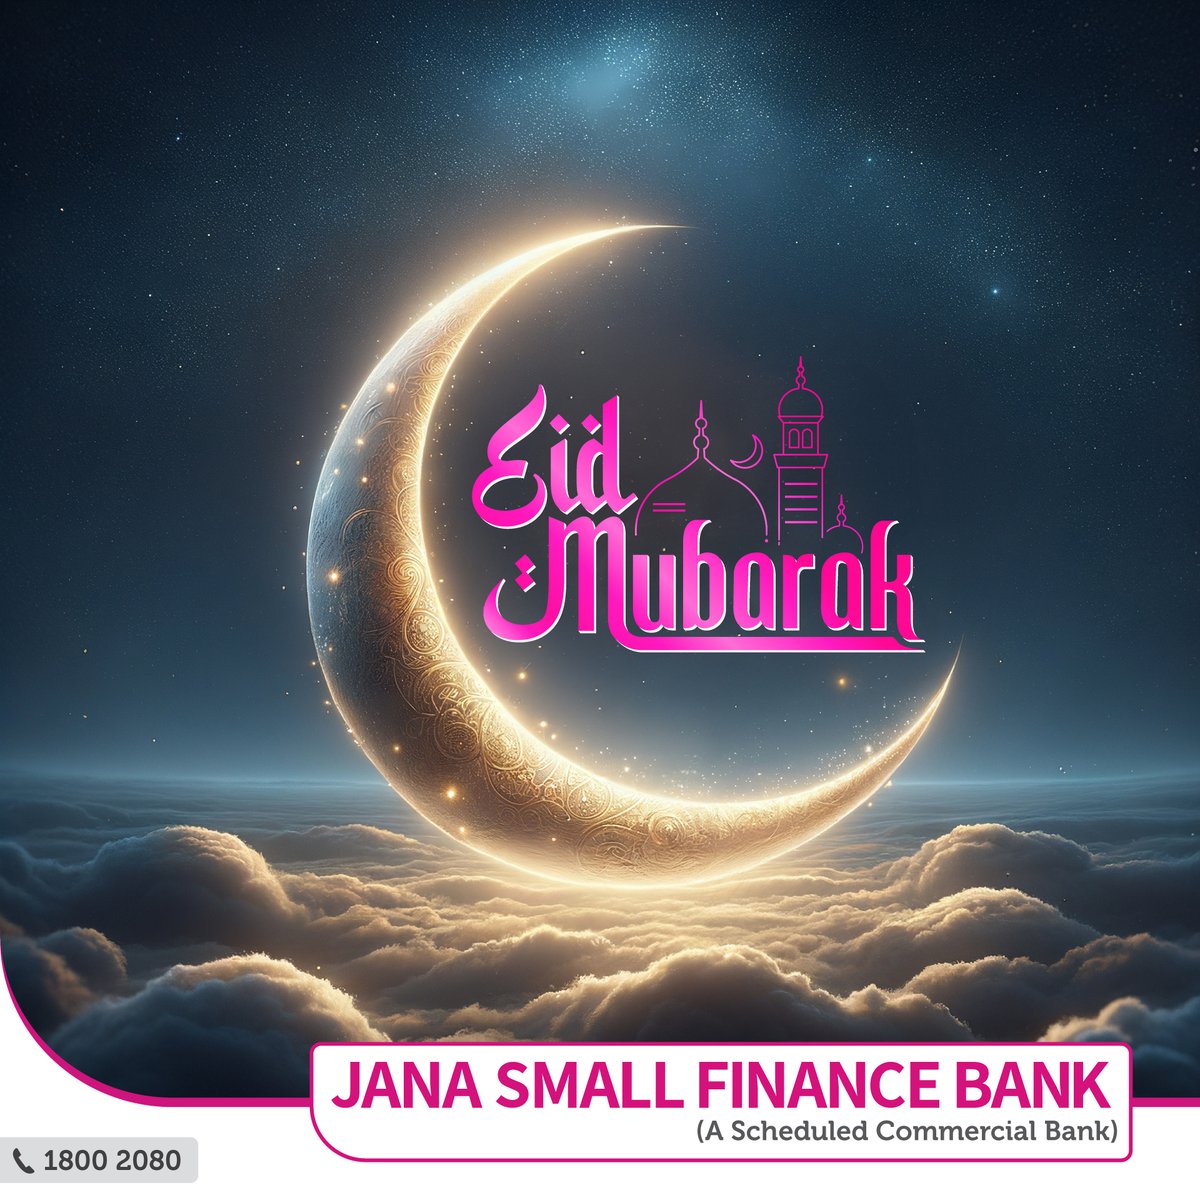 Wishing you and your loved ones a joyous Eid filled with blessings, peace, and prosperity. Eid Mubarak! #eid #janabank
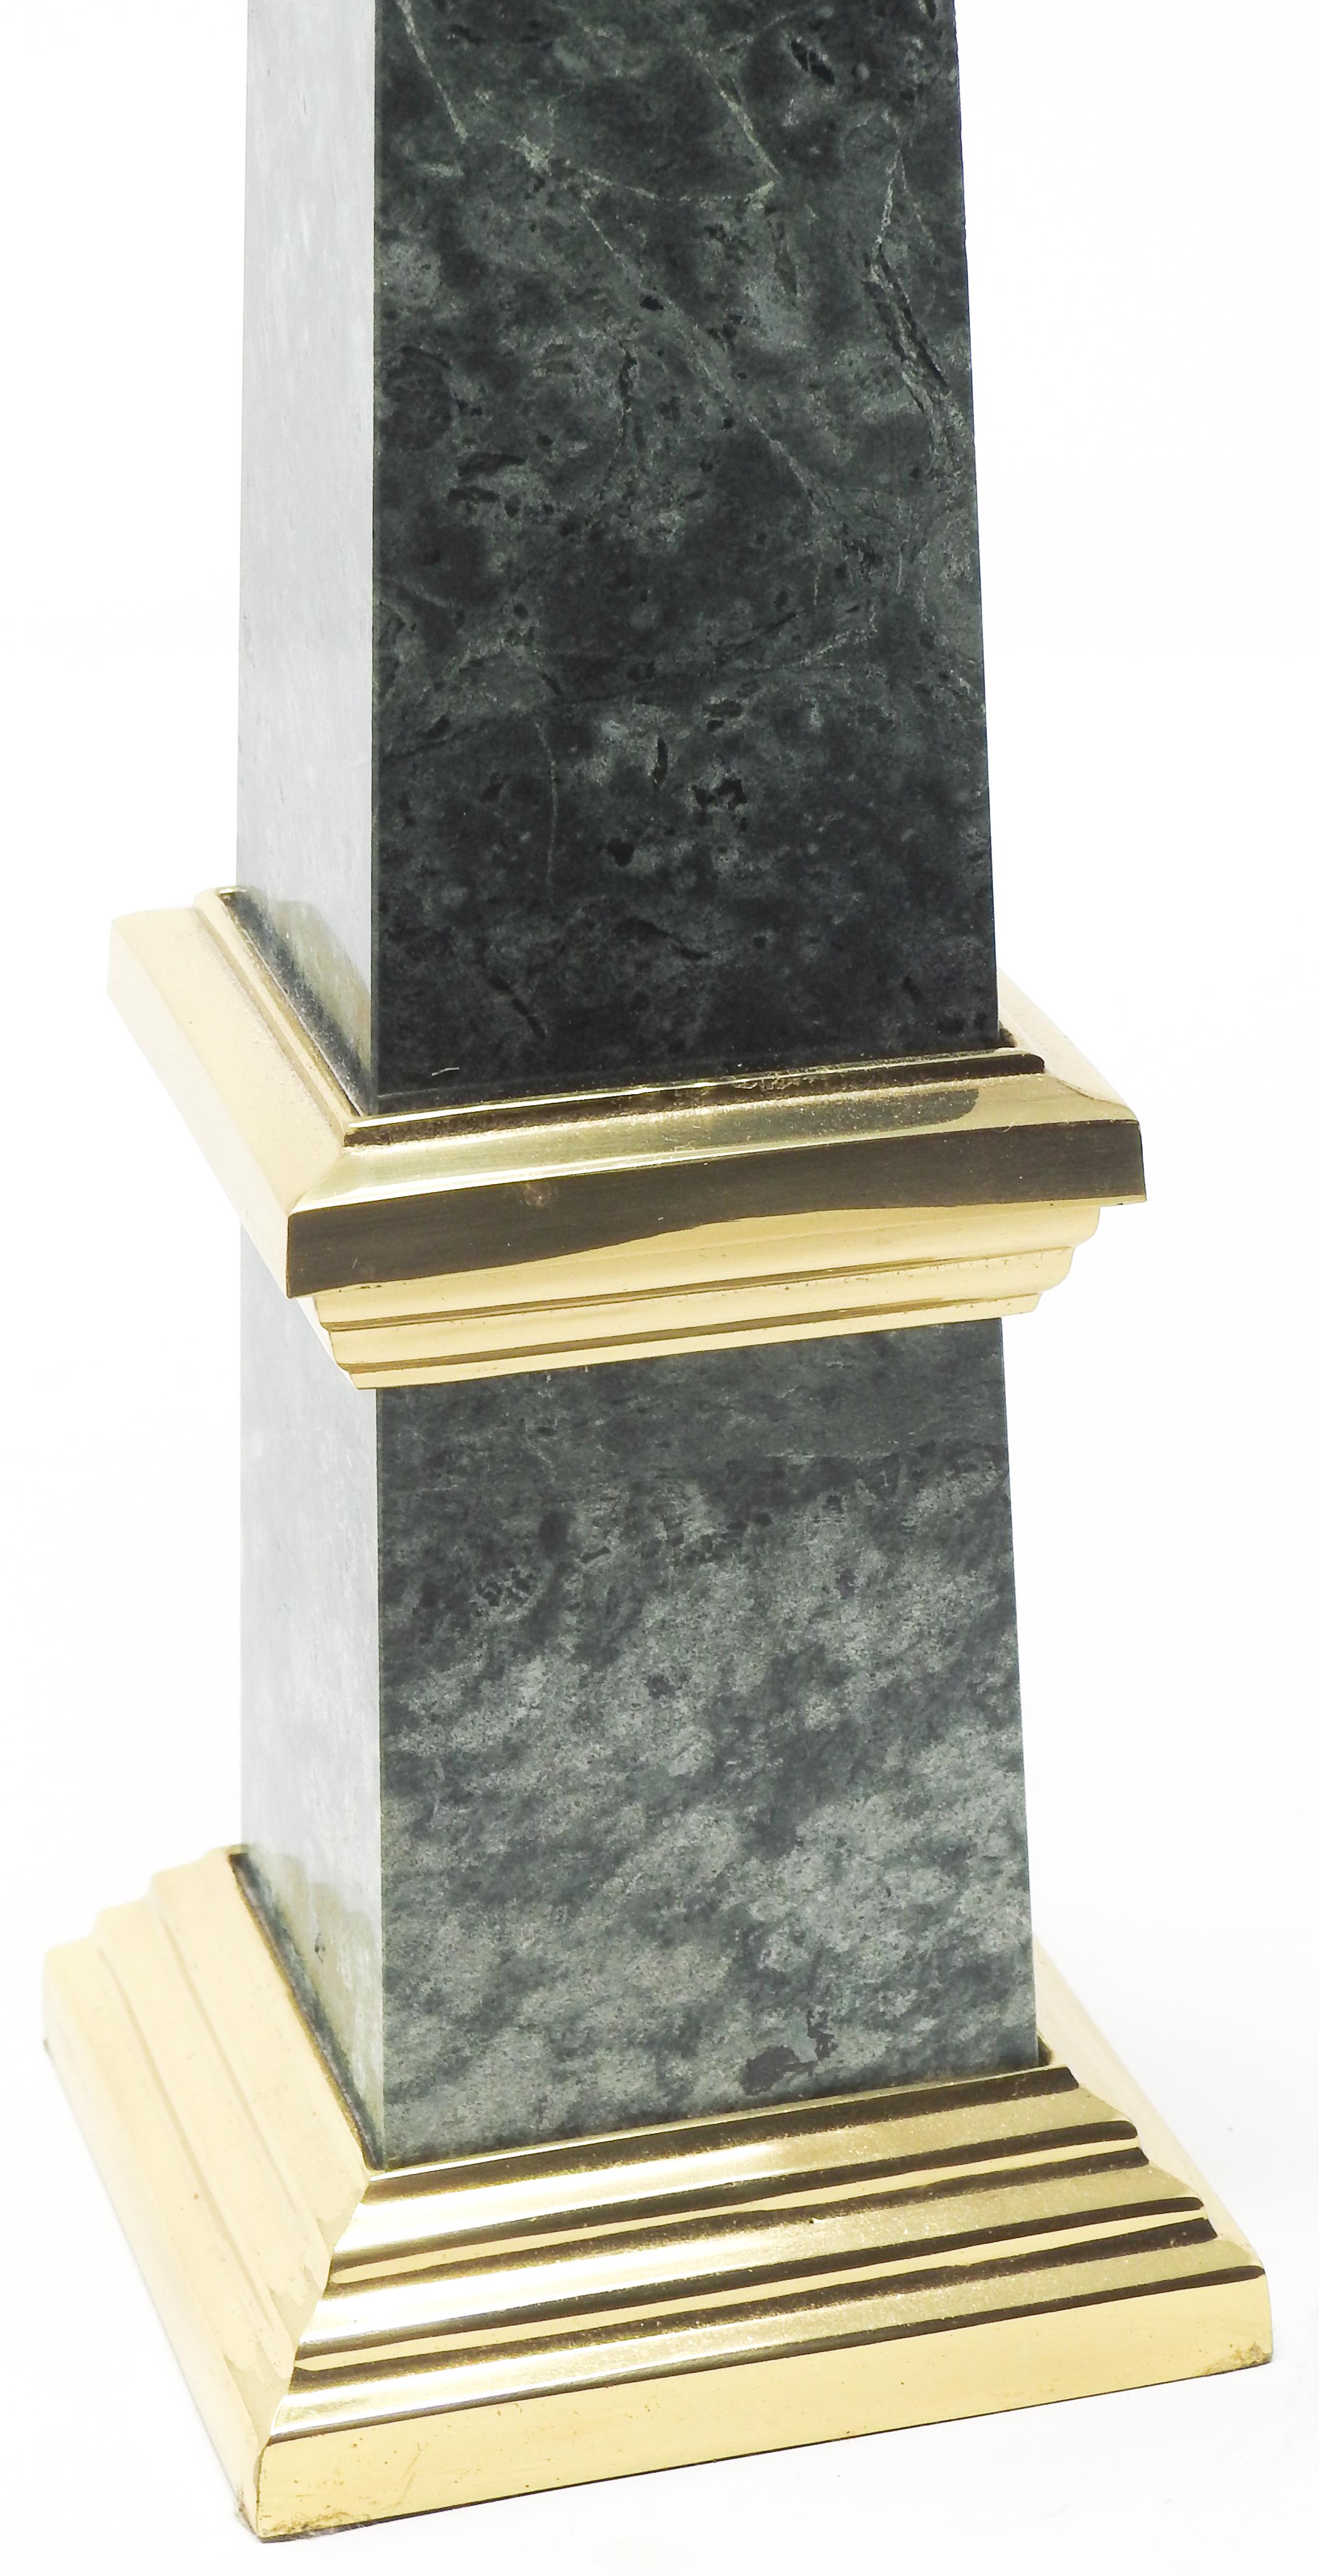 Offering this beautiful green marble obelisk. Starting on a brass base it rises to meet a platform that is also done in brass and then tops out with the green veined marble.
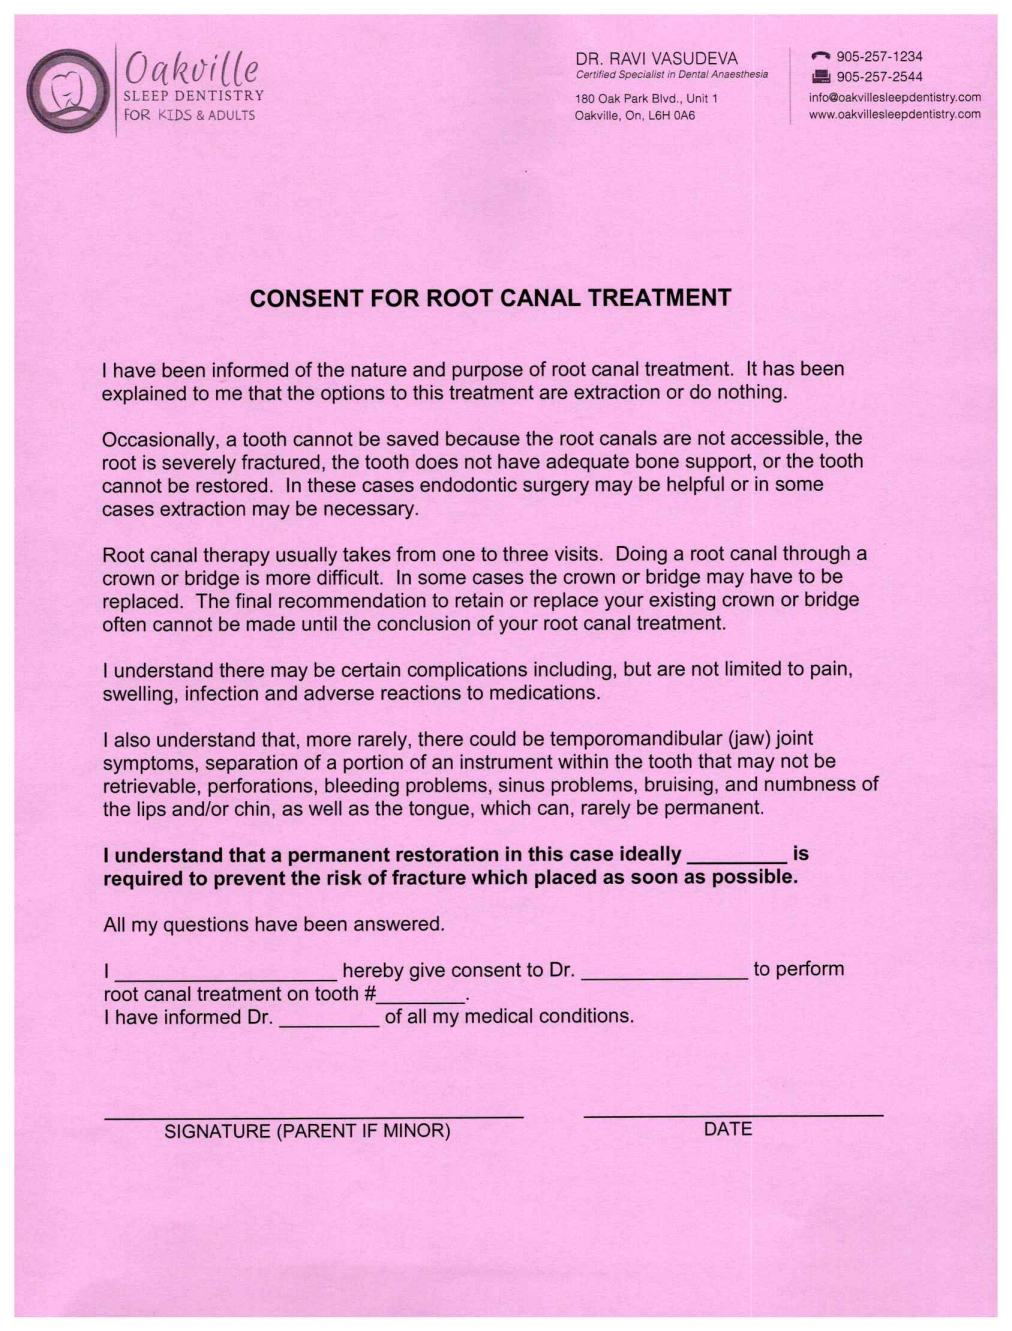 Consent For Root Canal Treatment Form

* [Activity]
Repeat, word for word and with no pictures, only the lines running from the beginning of the data to the line that contains "Offering this beautiful".

* [Exercise result]
 Wishing you and your loved ones a joyous Eid filled with blessings, peace, and prosperity. Eid Mubarak! #eid #janabank
 Offering this beautiful green marble obelisk. Starting on a brass base it rises to meet a platform that is also done in brass and then tops out with the green veined marble.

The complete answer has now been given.